Jean-Yves Le Drian :

Bien évidemment, nous pouvons réaliser des opérations immobilières à tel ou tel endroit s’il faut restructurer, mais la logique de fond est désormais cohérente, avec des moyens nouveaux qui nous permettront d’assurer une indispensable politique immobilière de qualité et d’enrayer cette logique qui nous amenait parfois à envisager la vente de bijoux de famille, ce à quoi je me suis toujours opposé. Je n’ai d’ailleurs, à ma connaissance, jamais procédé à de telles cessions.

Deuxièmement, plusieurs d’entre vous ont rappelé l’importance de la sécurité des postes à l’étranger dans le contexte actuel, surtout après les deux attaques de Djeddah. Sur ce plan, l’augmentation des moyens est significative.

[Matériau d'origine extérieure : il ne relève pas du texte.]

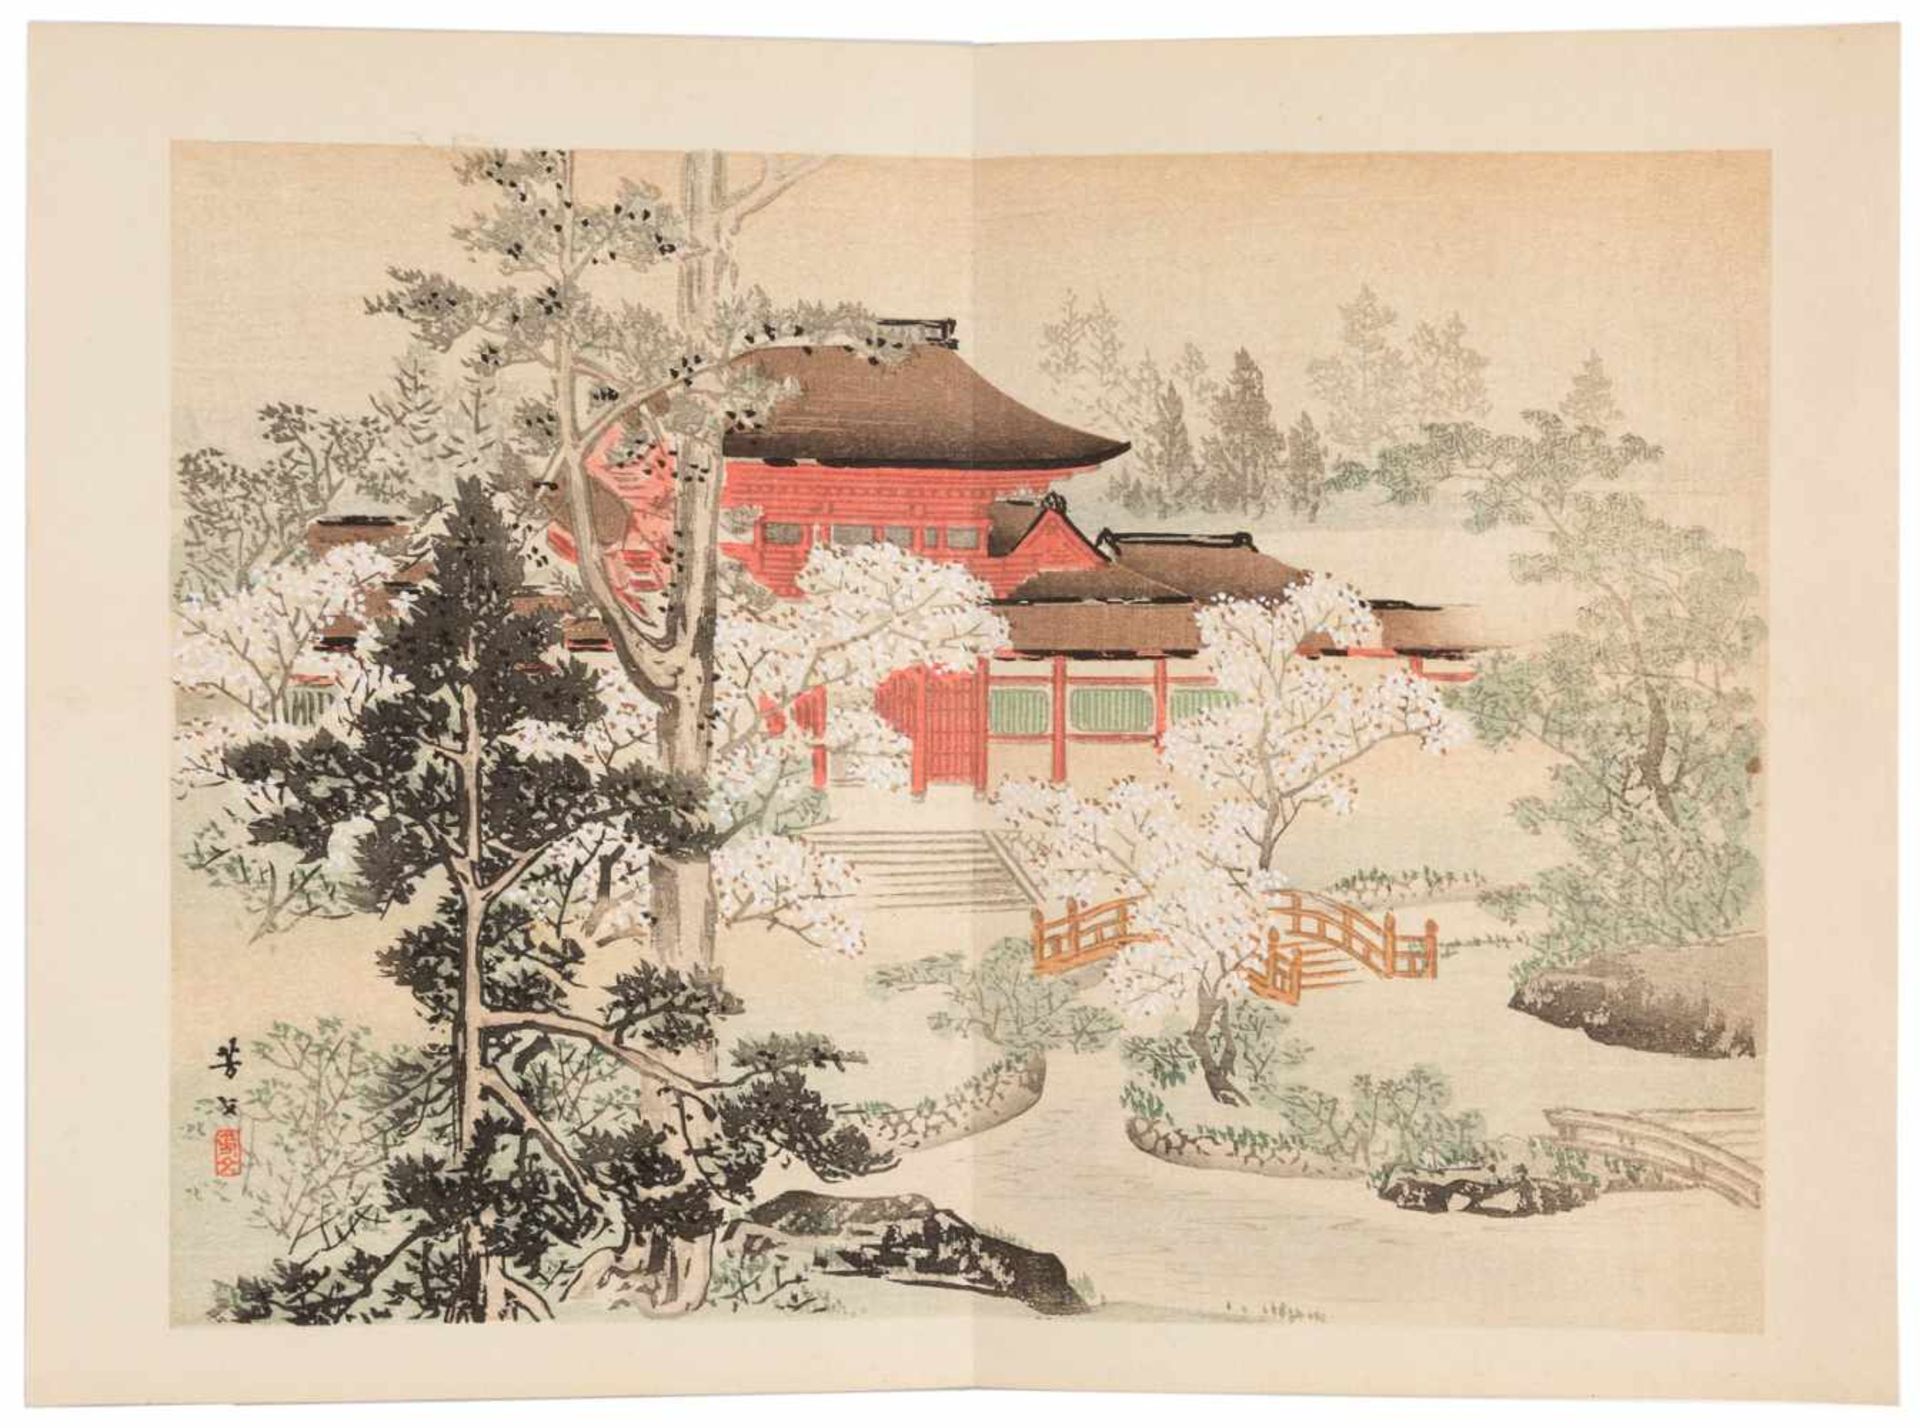 DREI BÜCHER MIT LANDSCHAFTLICHEN SZENEN Japan, 1895 Druck auf Papier. Ca. 23,5 cm x 16 cm. - Bild 7 aus 7

M. Le Gleut m’ayant interpellé à ce sujet, je confirme que le plan quadriennal de sécurisation de nos ambassades et des lycées français, dont la mise en œuvre avait pris un peu de retard en raison de l’impact de la crise de la covid, sera achevé en 2021 pour les ambassades et en 2022 pour les lycées. Mais d’importants progrès ont déjà été accomplis, et, à ce jour, 100 % des emprises en pays en crise ont déjà été renforcées et sécurisées.

Nous allons aussi permettre à l’AEFE d’assurer le renforcement de sa sécurité par un rebasage de 9 millions d’euros de sa subvention, afin de finaliser l’ensemble des travaux.

Je puis vous garantir que je suis très vigilant sur cette question : lors de chacun de mes déplacements, je vérifie l’état de la sécurité de nos emprises et de nos compatriotes, pour m’assurer que tous les moyens sont mis en œuvre.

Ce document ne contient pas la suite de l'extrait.